Хватит орать, забирай её к себе! Я больше не могу!

— Ты, слышь, Людмила, не ори. Забирай Надю к себе. Ну невмоготу мне больше, понимаешь? И с детишками управляться, и за ней смотреть. Она же, как полено, лежит. Кто виноват-то? Я, что ли? Ты там совсем крышкой поехала? Нет?

А меня скоро то же самое ждёт. За ребятишками пригляди, по хозяйству управись, да ещё и Надю на руках носи. Ну и что, что она справлялась, а мне уже сил нет! Да не бросаю я её, просто пускай у тебя поживёт немного. Нет у меня няньки и не было! Задолбала ты уже, на себя-то посмотри. Не возьмёшь — ей-богу, в больницу сдам, либо сам туда лягу! — бушевал в трубку Николай.

Когда после долгой перепалки Людмила наконец согласилась взять сестру к себе, Николай перекрестился. Он любил жену, но эти полгода после её удара показались ему вечностью. Дочке Кате семь, Семёну четыре — малые ещё. Какая от них помощь? А тут ещё Надя. Говорить не может, только мычит невнятно. И плачет. Постоянно. Когда дети подходят, когда он её кормит. Однажды даже пошутил: «Чего соль переводить, вон она у тебя со слезами выходит!» — Надя шутки не поняла, ещё больше расстроилась. Отвернулась, и есть перестала. Он тогда со злости чашку с супом об стену швырнул и вышел.
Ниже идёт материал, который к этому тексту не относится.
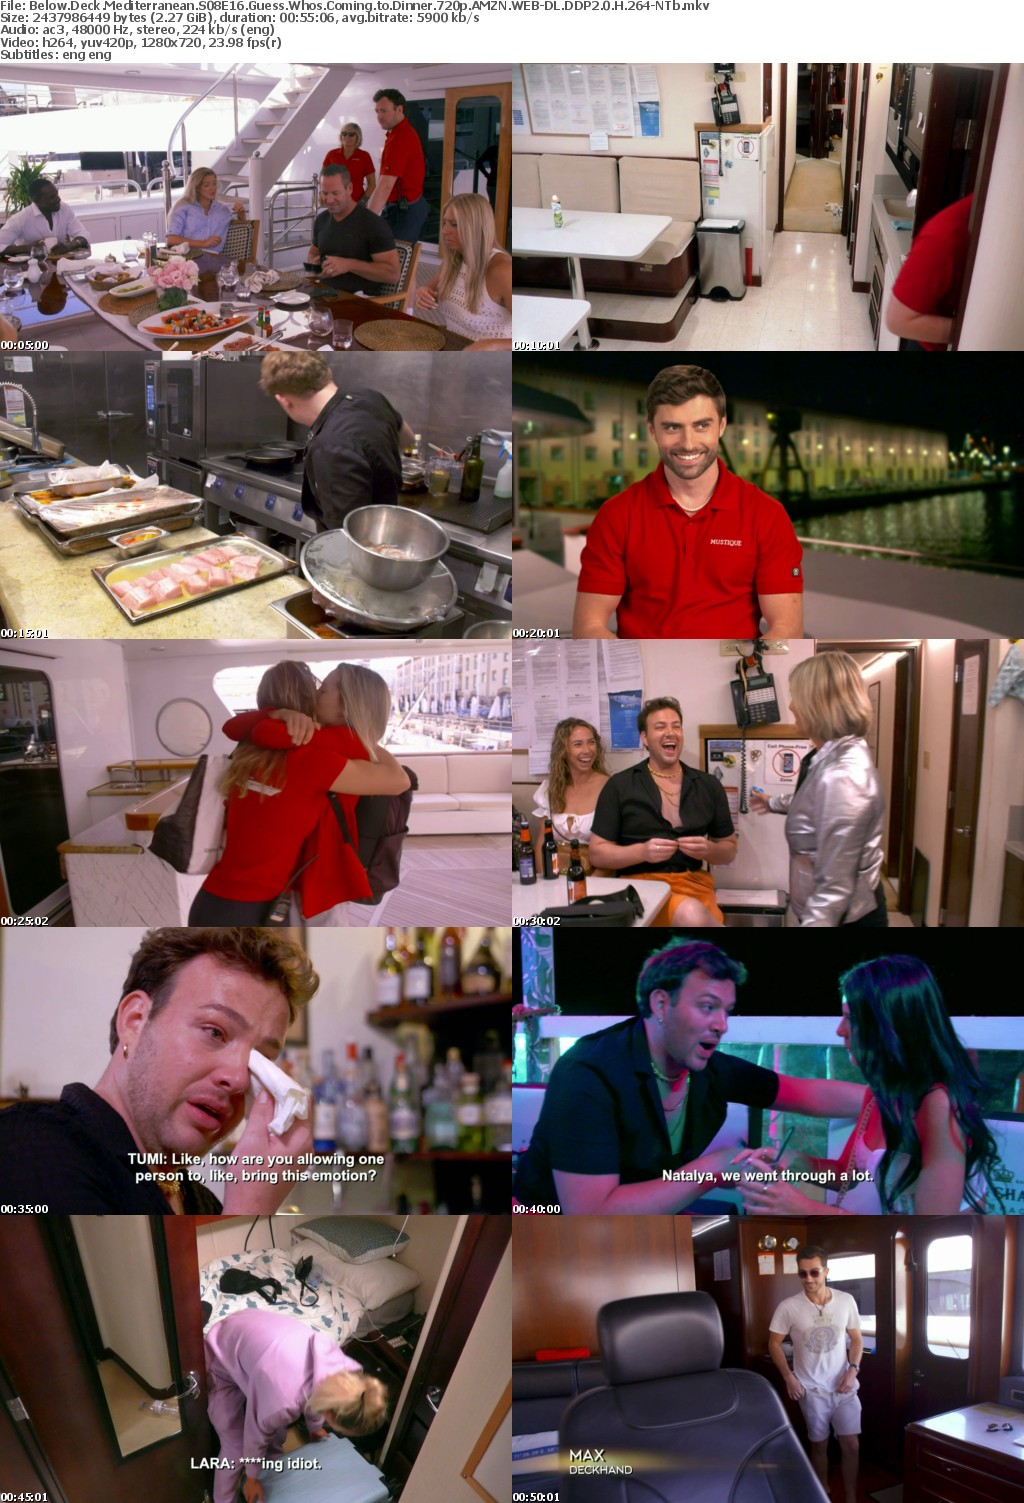 Below Deck Mediterranean S08E16 Guess Whos Coming to Dinner 720p AMZN WEB-DL DDP2 0 H 264-NTb

После разговора с Людмилой в душе зарябило что-то тяжёлое, липкое. К нему примешался стыд. Николай чувствовал, что с каждым словом предавал жену. Но иначе не мог. Был на краю.
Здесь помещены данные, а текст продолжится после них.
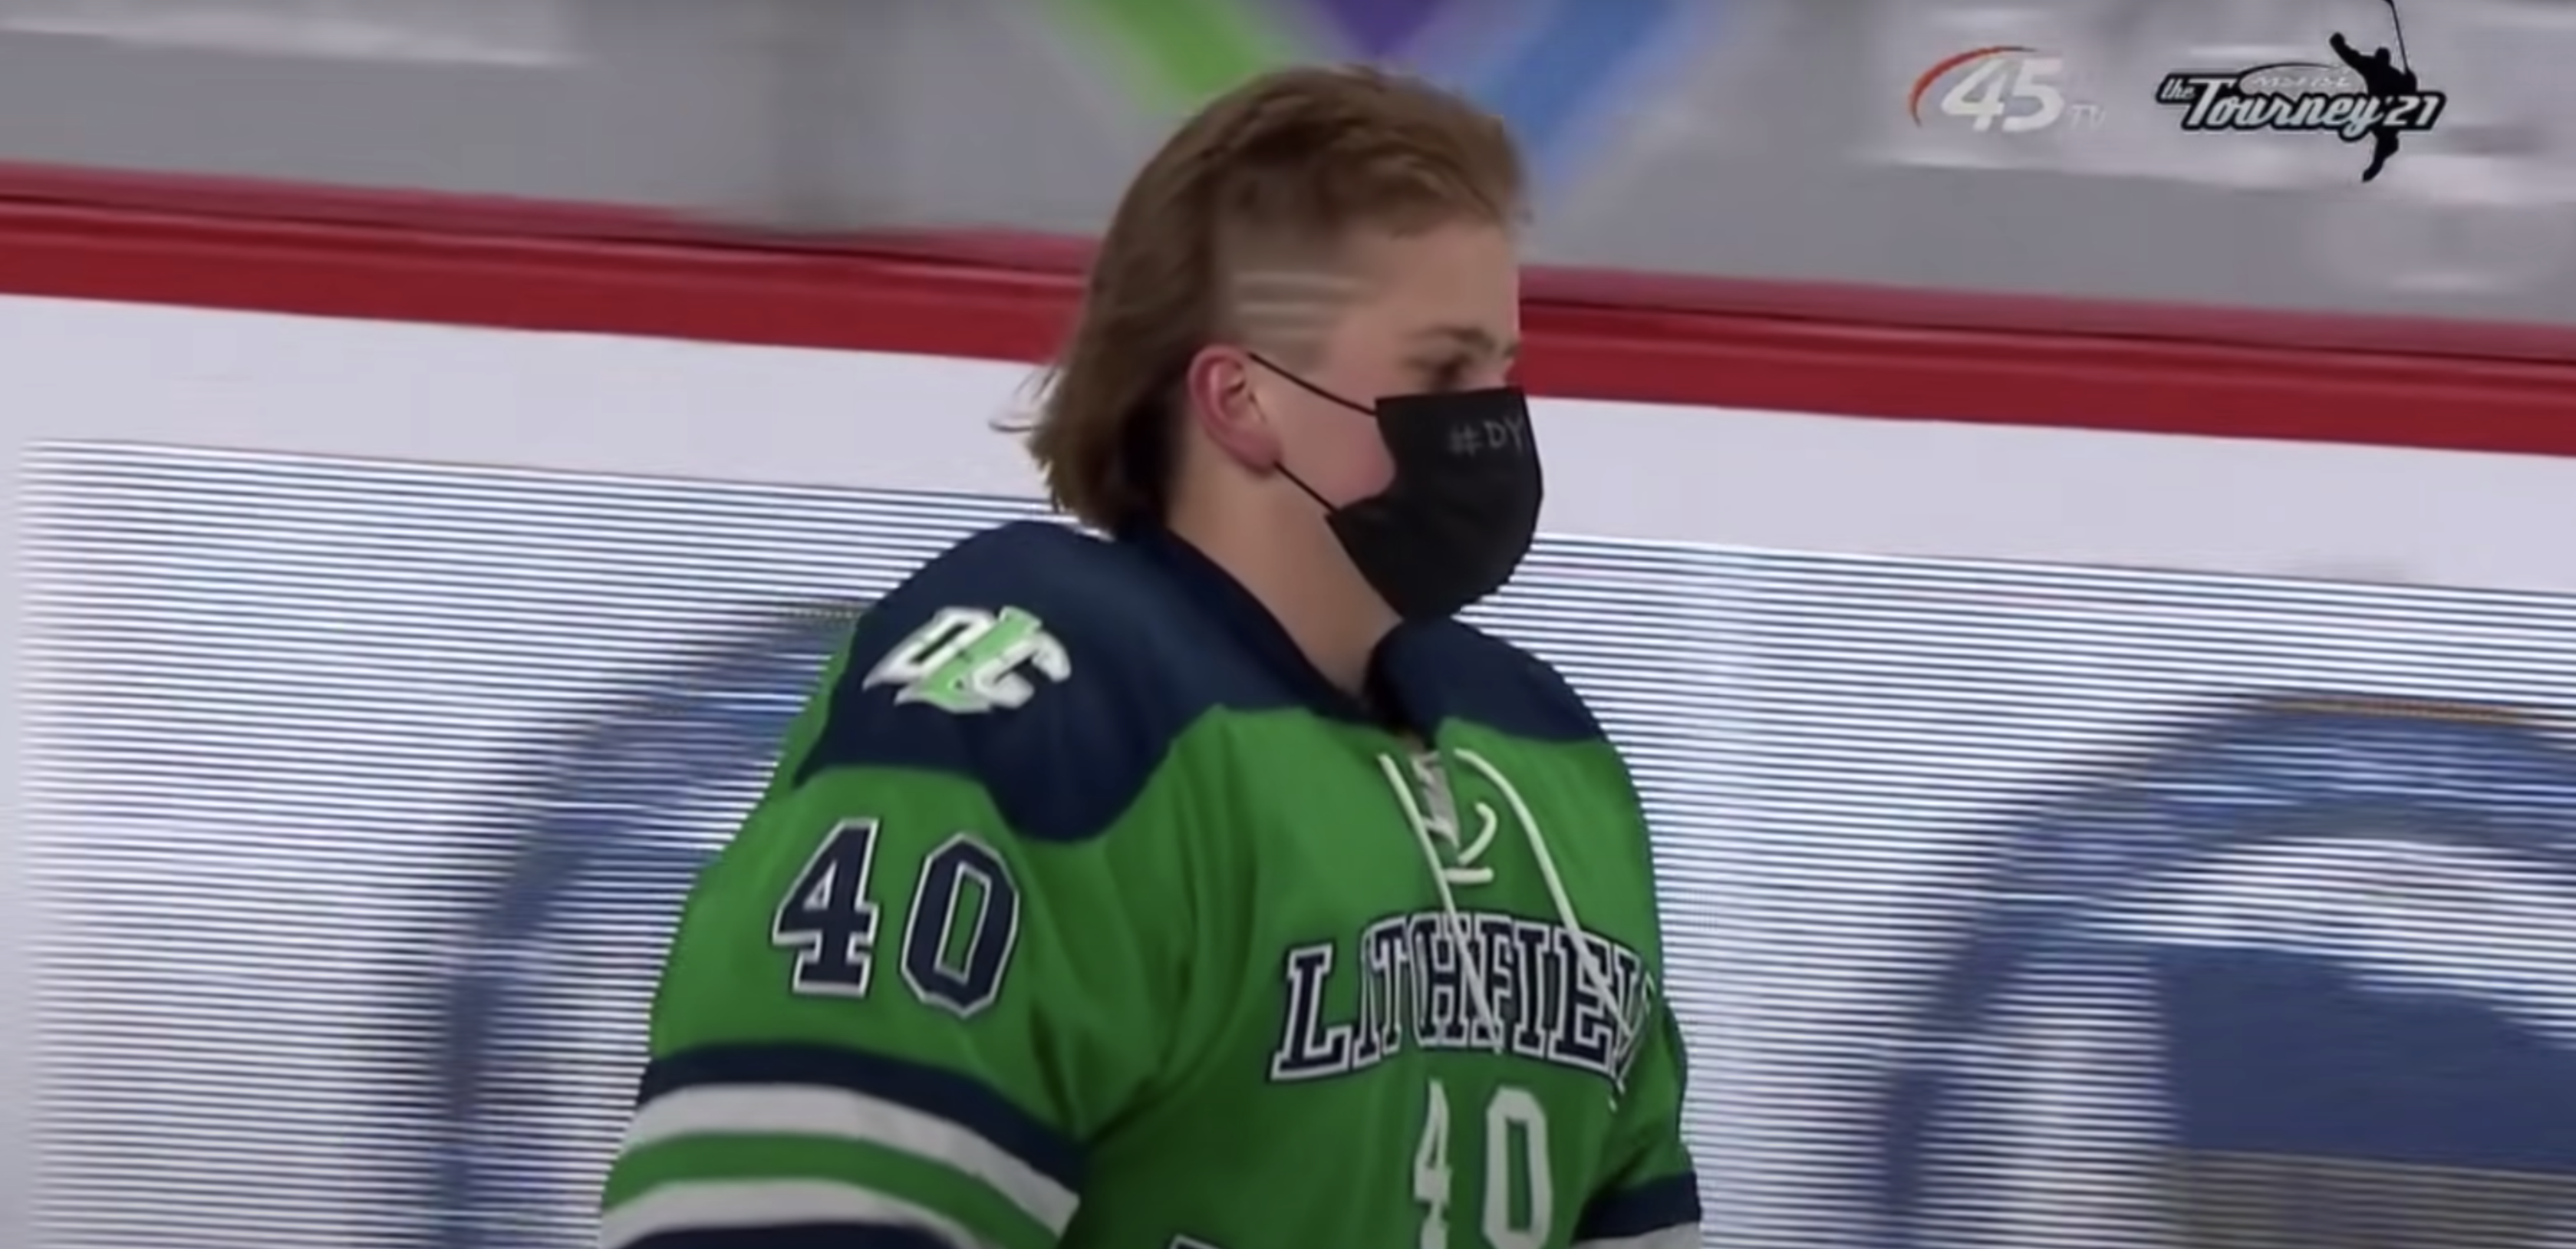 Two High School Hockey Teams From Minnesota Have The Freshest Cuts

Вечером, когда дети уснули, а Надя лежала с закрытыми глазами, он вышел во двор. Огляделся — темно. В деревне рано спать ложатся, на запевалах вставать. Только у соседа, у деда Митрия, в окне свет мерцал. Николай прислушался — в избе тихо. И твёрдо шагнул к старику.

— Вот так, дед Митяй. Отправлю Надю к сестре — хоть вздохну немного. С ребятишками как-нибудь управлюсь. Катя в школу пойдёт, Семёна в садик. Утром отвёл, вечером привёл. Там хоть кормят, мне только ужин сготовить. — Николай вертел в пальцах рюмку, но водка не шла. Та самая липкая тяжесть, казалось, застряла в горле.

— Колька, молод ты ещё, мало что понял. Вот кабы моя Груша вернулась сейчас, хоть хромая, хоть слепая — на руках бы носил, пылинки сдувал. Тоскую по ней. Как ни крути, а пятьдесят лет бок о бок прошли.

И ругались бывало, и расходиться грозились. Но была между нами любовь — она и не дала разбежаться. А ты? Надя заболела — ты сразу заныл: «Ой, не могу, ой, тяжко!» А случись с тобой такое? Она бы тебя ни за что не сдала, как посылку, родне.

Дед Митяй замолчал, с шумом отодвинув стопку. — А ты вспомни, как с крыши гollaлся, обе ноги в гипсе. Она тебя к тётке твоей отослала? Нет! Под тобой горшки выносила, капризы твои терпела. Теперь твой черёд. Ты ж мужик, ёлки-палки, чего раскис? Это не конец. Люби, ухаживай — и встанет она, родная. Вот тебе и так. Жену из дому сплавишь — потом не жалуйся. Руки на тот свет не подам, знай. — И громко высморкался в клетчатый платок.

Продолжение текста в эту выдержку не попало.